Аджи Эрбаин тем временем сел у хоны и, обхватив колени руками, мрачно уставился в угол.
— Почему... с дьяволом? — не сразу совладал с собой хозяин дома. — Вы, муалим, глубоко ошибаетесь. Аджи Эрбаин-эфенди — отец нашего села, его заступник. Вот и посидим втроём: он, вы и я, поговорим.
— Нет, Менлибей!..
— А почему? — подал голос Аджи Эрбаин, и хозяин с радостью обернулся к нему. Аджи Эрбаин умел владеть собой, но его безкровные губы, дрожащие пальцы, затуманенные, будто пьяные, глаза выдавали едва сдерживаемую ярость. Он скривил рот в улыбке, зыркнул исподлобья. — А почему бы нам втроём не поговорить? Разве не о чем?
— За одним столом, перед хлебом-солью, сидят друзья, — сказал учитель. — Я вам не друг... И оказался здесь случайно. Избавьте меня от этого удовольствия, — он повернулся к двери, чтобы выйти, но Менлибей снова встал перед ним.
— Нет, Усейне-муалим! Я пригласил вас в свой дом, вы пришли. Если уйдёте, не отведав моего хлеба — это будет не по-мусульмански. Прошу вас, садитесь! Мы хотим с вами поговорить, — на лице хозяина всё ещё блуждала приклеенная улыбка, но в его глазах учитель уже заметил недобрые искры.
Поговорить? О чём? Всё, что можно было сказать друг другу, уже сказано в лавке... Какая может быть ещё беседа между Аджи Эрбаином и Усейном Шамилем Токтаргазы?.. Однако в глубине сердца, в каком-то его сокровенном уголке, шевельнулась надежда: «А вдруг они действительно хотят мира?.. Чтобы в селе не было раздоров... Но ведь дело не только в моих отношениях с беем Эрбаином. Понимают ли они это?..»
Колеблясь, Усейн-оджа вернулся к хоне и сел напротив Эмирзакова. Менлибей длинным острым ножом нарезал мясо и брынзу на мелкие куски. Вытер руки о салфетку, взял бутылку, ударил ладонью по дну, выбил пробку и налил водки в высокие фиджаны. Всё это он проделал и уставился на Аджи Эрбаина.
— Слово за хозяином, — лениво произнёс тот и опустил глаза, держа фиджан в ладонях.
Менлибей поднял фиджан.
— Вы, Усейне-муалим, соизволили прийти в мой дом после того, как долго не переступали его порога, — сказал он тихим, бархатистым голосом. — Очень вам за это благодарен! Но вы можете считать, что пришли не в мой дом, а в дом Аджи Эрбаина-эфенди, потому что он искренне желал этой встречи, этого застолья. Между вами произошло недоразумение... Если подумать, то вы, Усейне-муалим, в этом не виноваты. Получается, так. И Аджи Эрбаин-эфенди тоже не виноват. Он рассматривал новые товары в лавке, и ему захотелось испытать новый кнут...

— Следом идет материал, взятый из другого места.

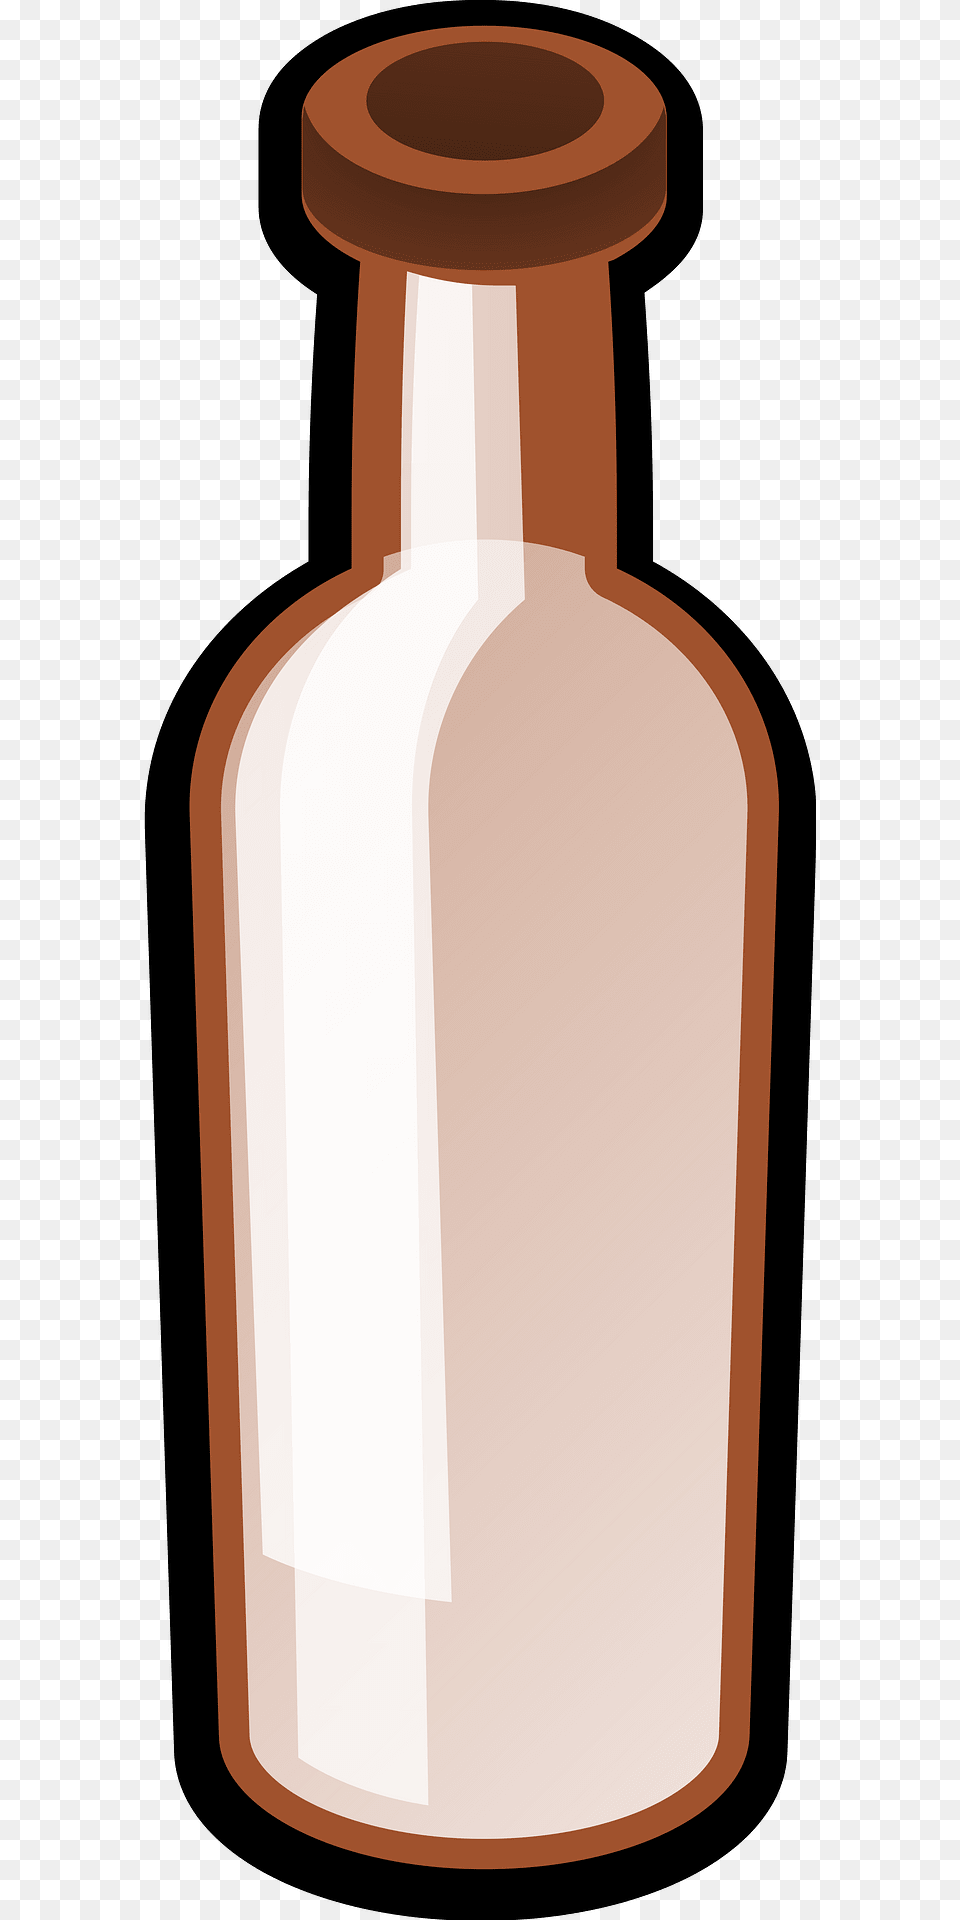 Bottle Clipart, Jar, Pottery, Vase Free Transparent Png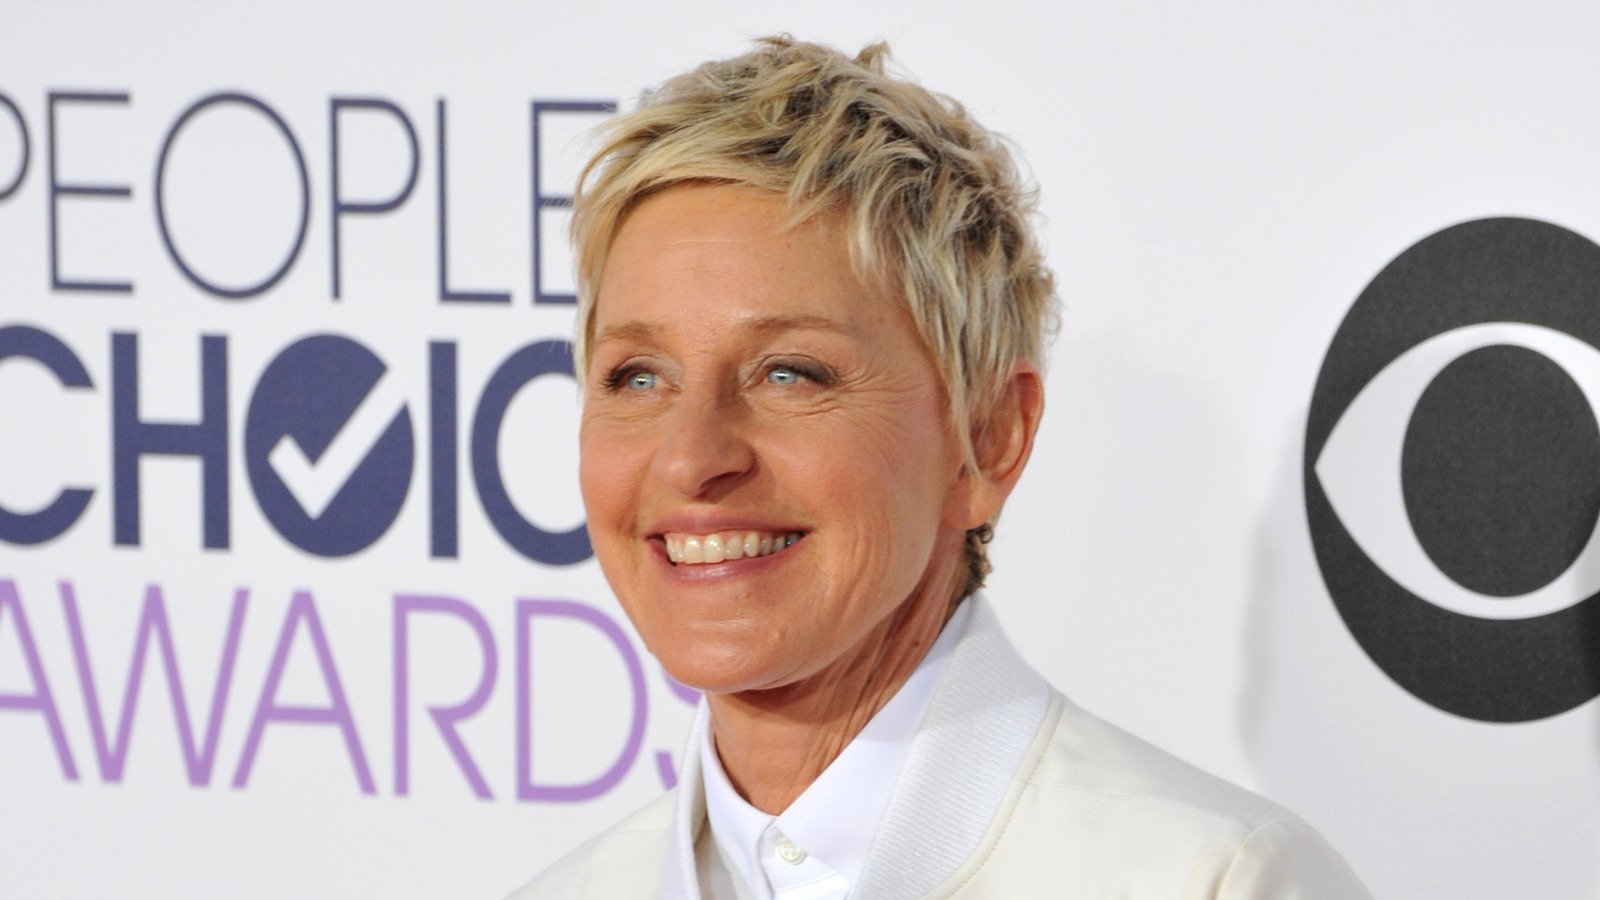 13 Times Ellen DeGeneres Made Her Guests Uncomfortable

У Усейна-оджи дёрнулось левое плечо, он усмехнулся:
— На человеке?
— Он задел вас не нарочно, он не виноват...
— А кто же виноват?
— Никто, — улыбнулся Менлибей, и его глаза скрылись под веками. — Виноват кнут.
— Да! Виноват кнут! — подтвердил Аджи Эрбаин и прямо посмотрел на учителя. — И ваши стихи, учитель! Они бьют сильнее кнута. Будь они прокляты, и мой кнут, и ваши стихи. За это и выпьем.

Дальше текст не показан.